Canine distemper is a very contagious – and potentially deadly – viral disease that attacks the respiratory, gastrointestinal, and nervous systems. The scariest part about canine distemper: There’s no cure.
How Canine Distemper Spreads
Puppies and dogs can get canine distemper a few ways:
- Direct contact with an infected animal. Distemper-infected dogs can shed the virus for several months, putting other dogs around them at risk. It’s important to note that canines aren’t the only animals that can contract distemper. Wildlife – such as wolves, coyotes, foxes, raccoons, skunks, and mink – can also contract distemper.
- Airborne. If an infected dog or animal coughs, sneezes, or barks, aerosol droplets are spread into the air. This puts nearby dogs at risk.
- Infected objects. The virus can spread through infected surfaces and objects. (For example, sharing food and water bowls with an infected animal.)
- Placenta. Pregnant mother dogs can also pass the virus to her puppies through the placenta.
Dogs at the Highest Risk
Veterinarians consider the distemper vaccine to be a core vaccination for a reason – all dogs are at risk. With that said, puppies younger than four months old and unvaccinated dogs are at the highest risk.
Symptoms of Canine Distemper
Distemper-infected dogs experience a wide range of symptoms.

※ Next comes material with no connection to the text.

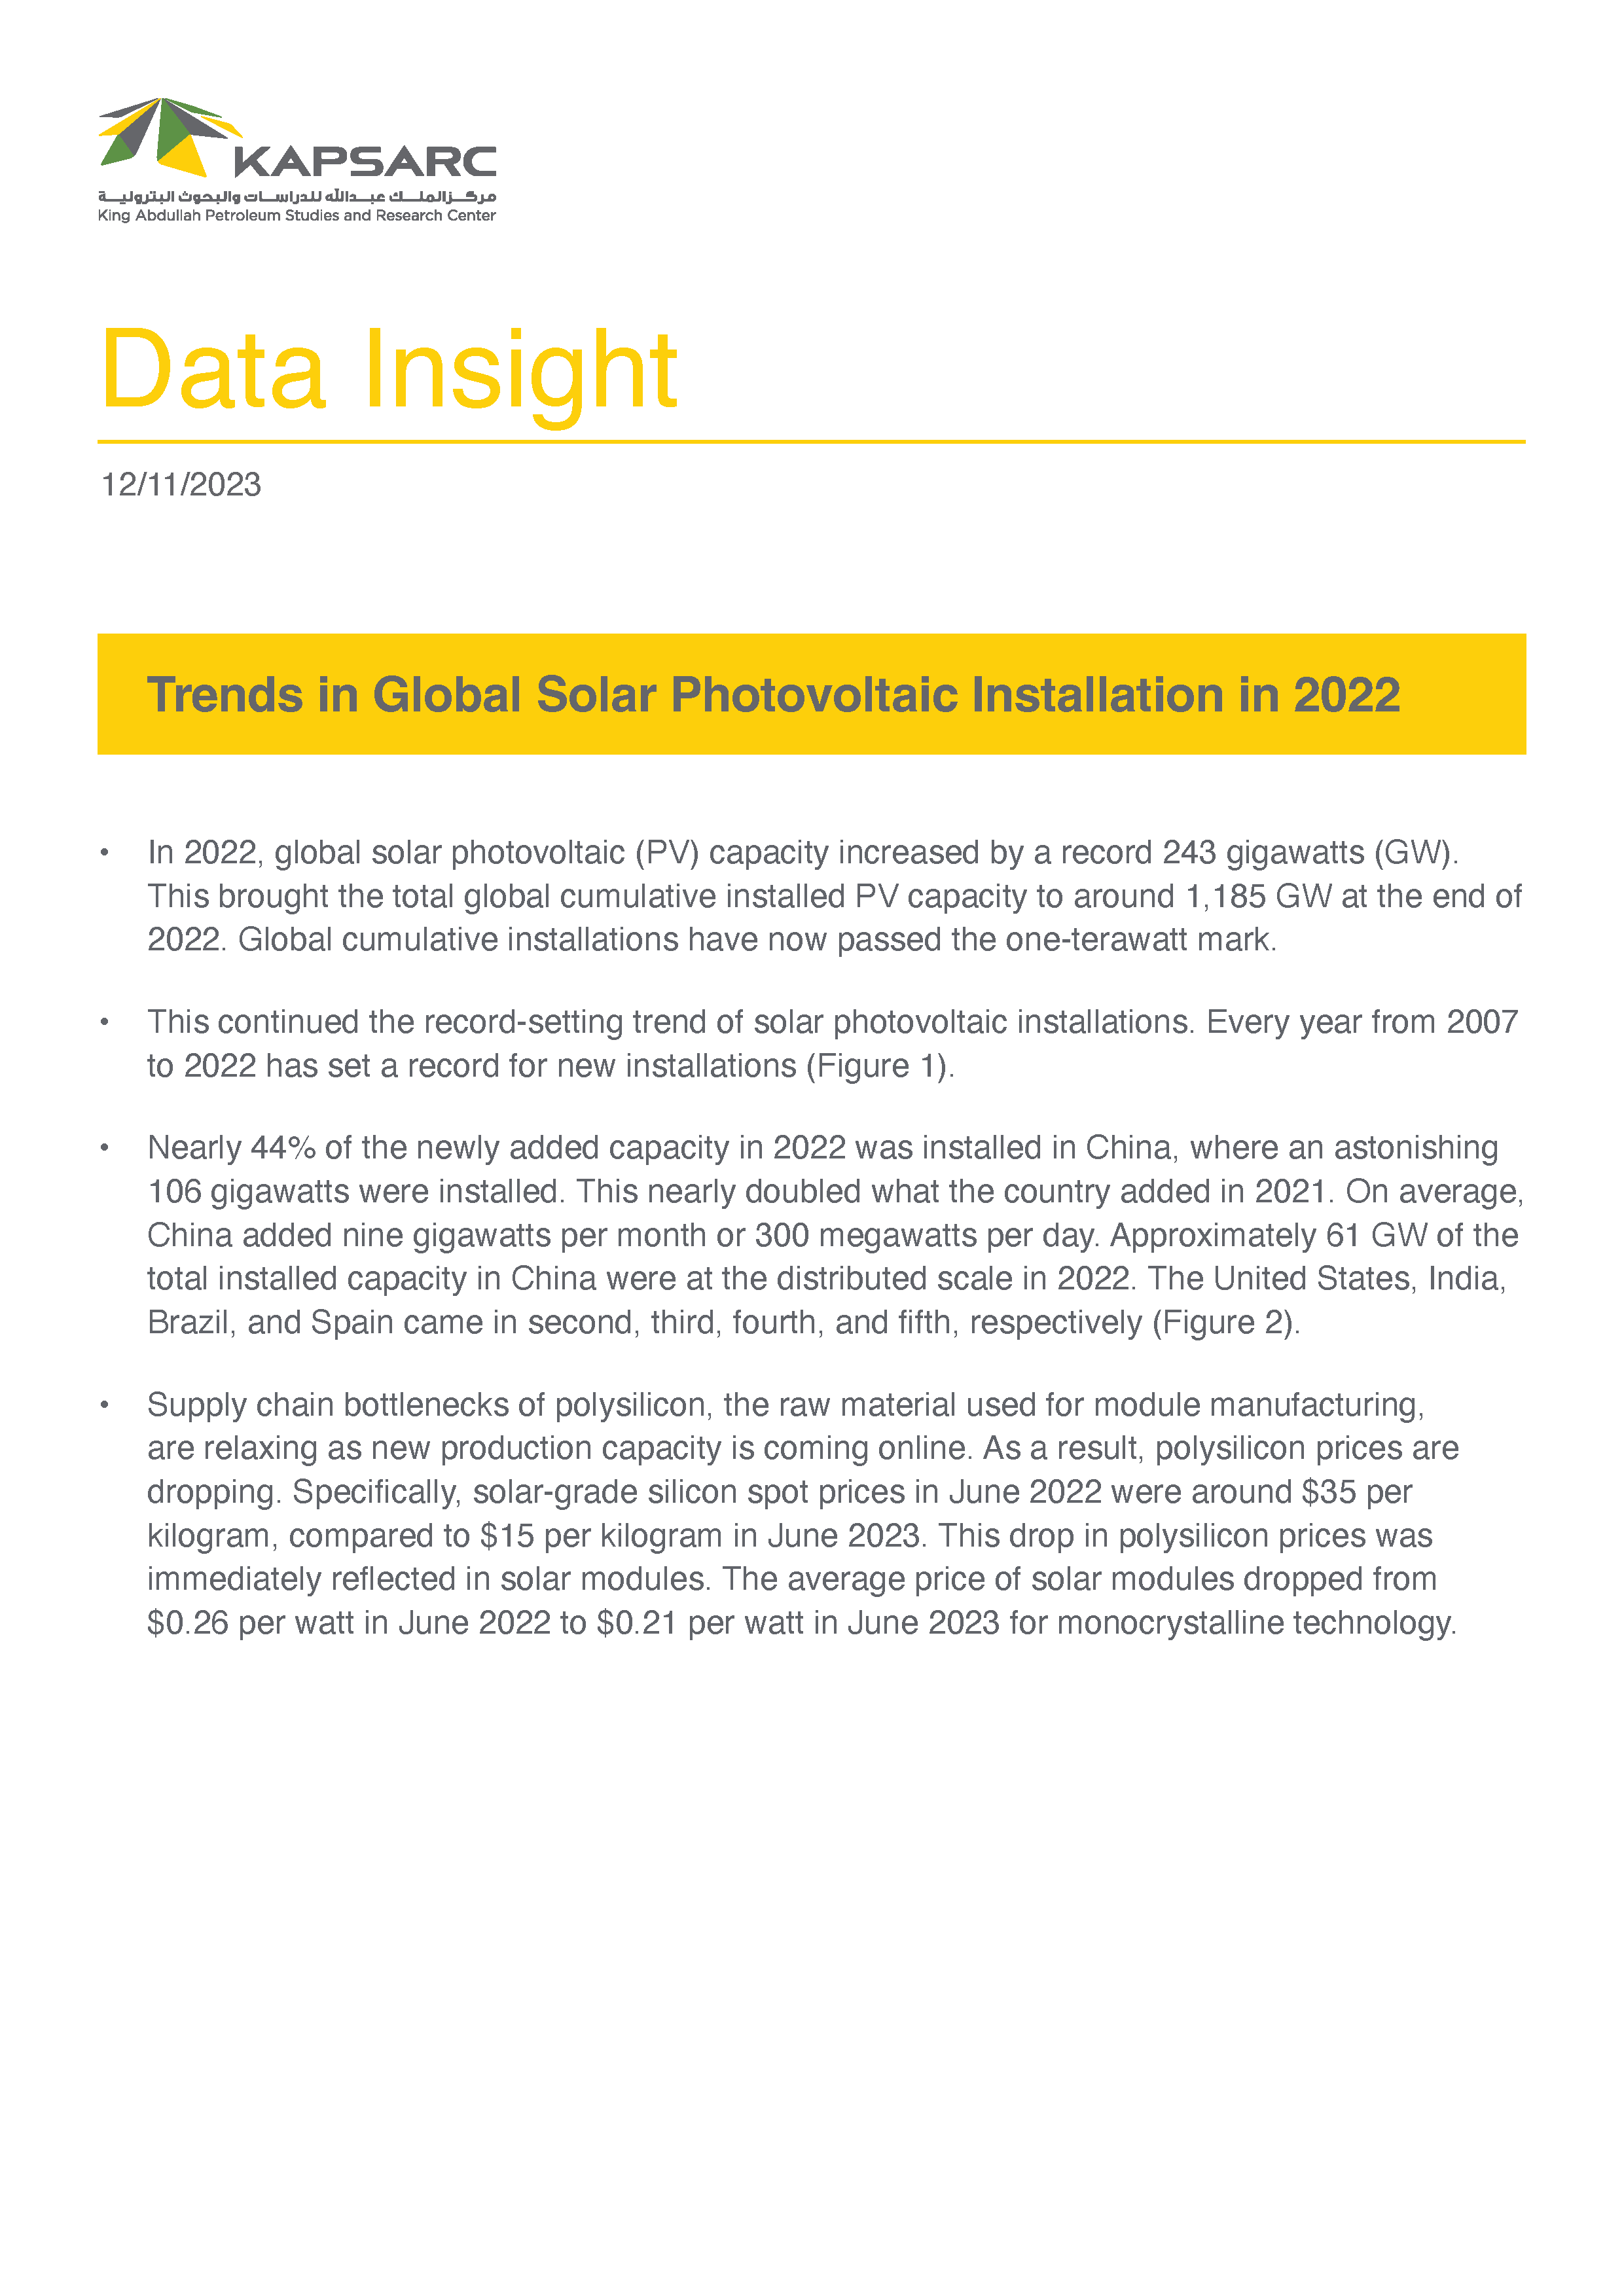 Trends in Global Solar PV Installation in 2022

Typically, the first symptom is watery to pus-like discharge coming from the eyes. Within three to six days of contracting the virus, most dogs also develop a fever. Some other symptoms:
- Nasal discharge
- Loss of appetite
As the virus attacks the nervous system, infected dogs can also develop neurological symptoms, such as:
- Circling behavior
- Head tilt
- Muscle twitches
- Repetitive eye movements
- Convulsions with increased salivation and chewing motions
- Partial or complete paralysis
Canine distemper can also cause “hard pad disease,” which means their paw pads can thicken and harden.
Distemper is often fatal. Dogs that survive usually suffer permanent damage to their nervous system.

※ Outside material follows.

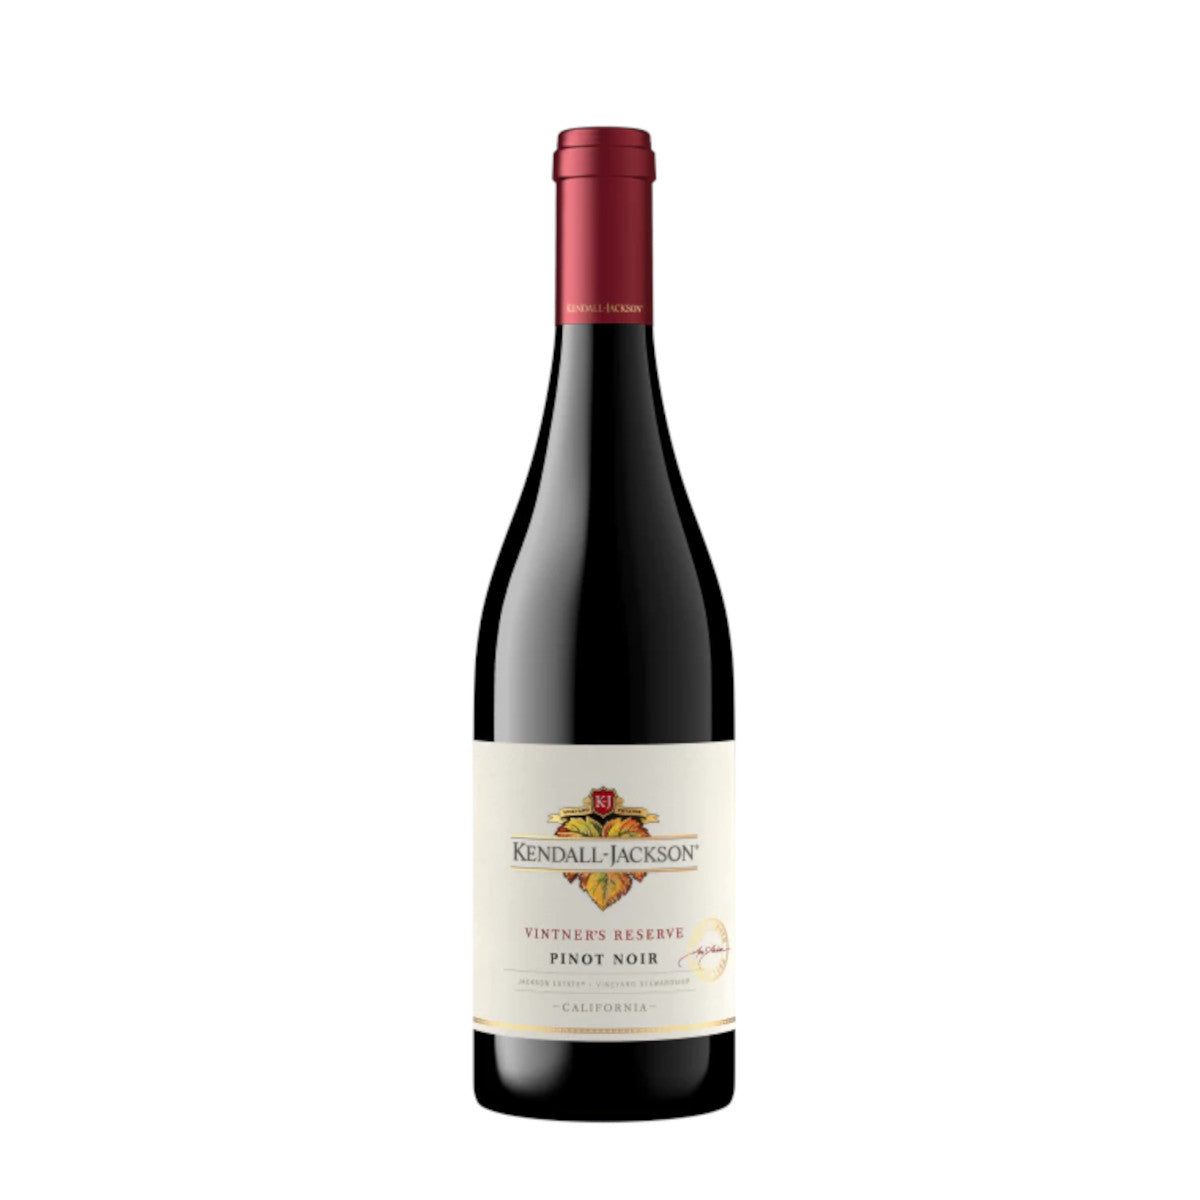 Kendall-Jackson, Vintner's Reserve Pinot Noir

If you suspect your puppy or dog has canine distemper, contact your vet immediately.
As I mentioned earlier, there is no cure for canine distemper. Rather, treatment involves trying to prevent secondary infections and control the many horrific symptoms.
- When your furkid is a young puppy, make sure to get the full series of distemper vaccinations.

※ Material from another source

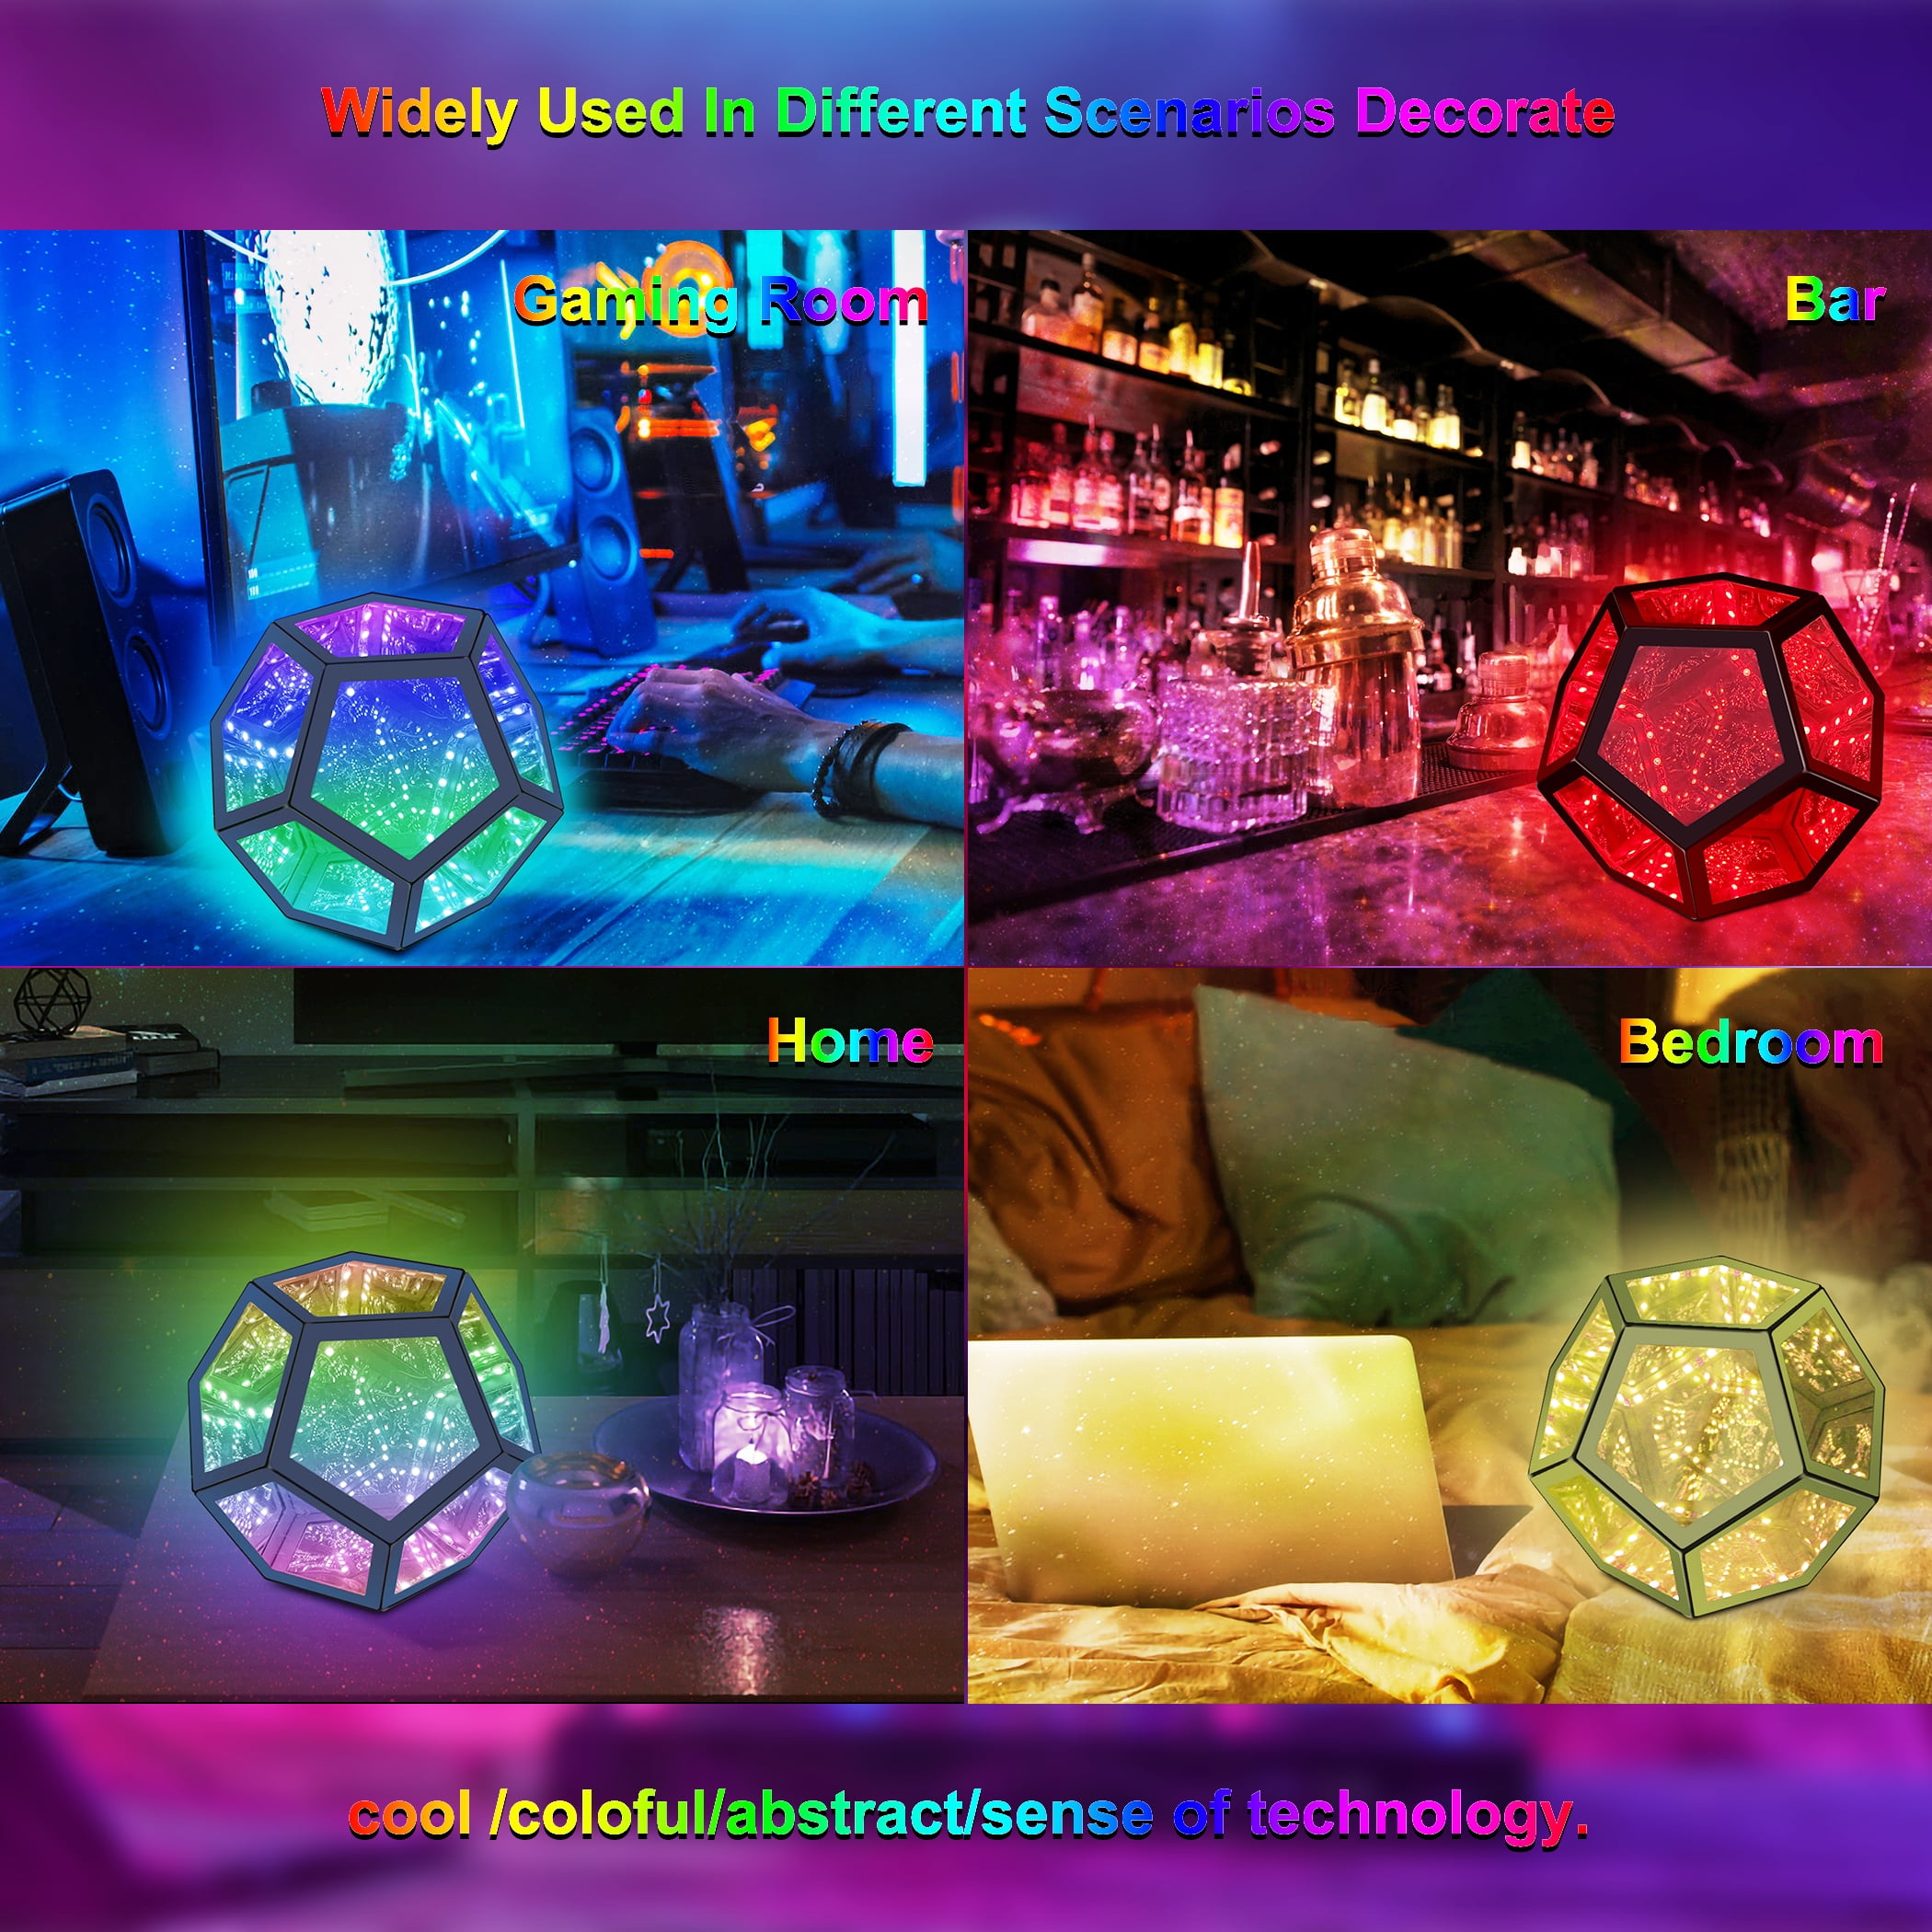 Infinite Dodecahedron Color Art Light USB Charging Lamp Home Desktop Decoration

- Before your puppy finishes his full round of puppy shots, avoid visiting dog parks, doggy daycares, pet stores, or other high-traffic areas. It’s also best to hold off on obedience class until your puppy is fully vaccinated and protected.
- Keep distemper vaccinations up-to-date throughout your dog’s life. When it’s time for your dog’s booster shots, if you’re worried about over-vaccinating, talk to your dog about titers (AKA a blood test that checks the antibodies for a particular disease).
- Keep your puppy or adult dog away from infected animals and wildlife.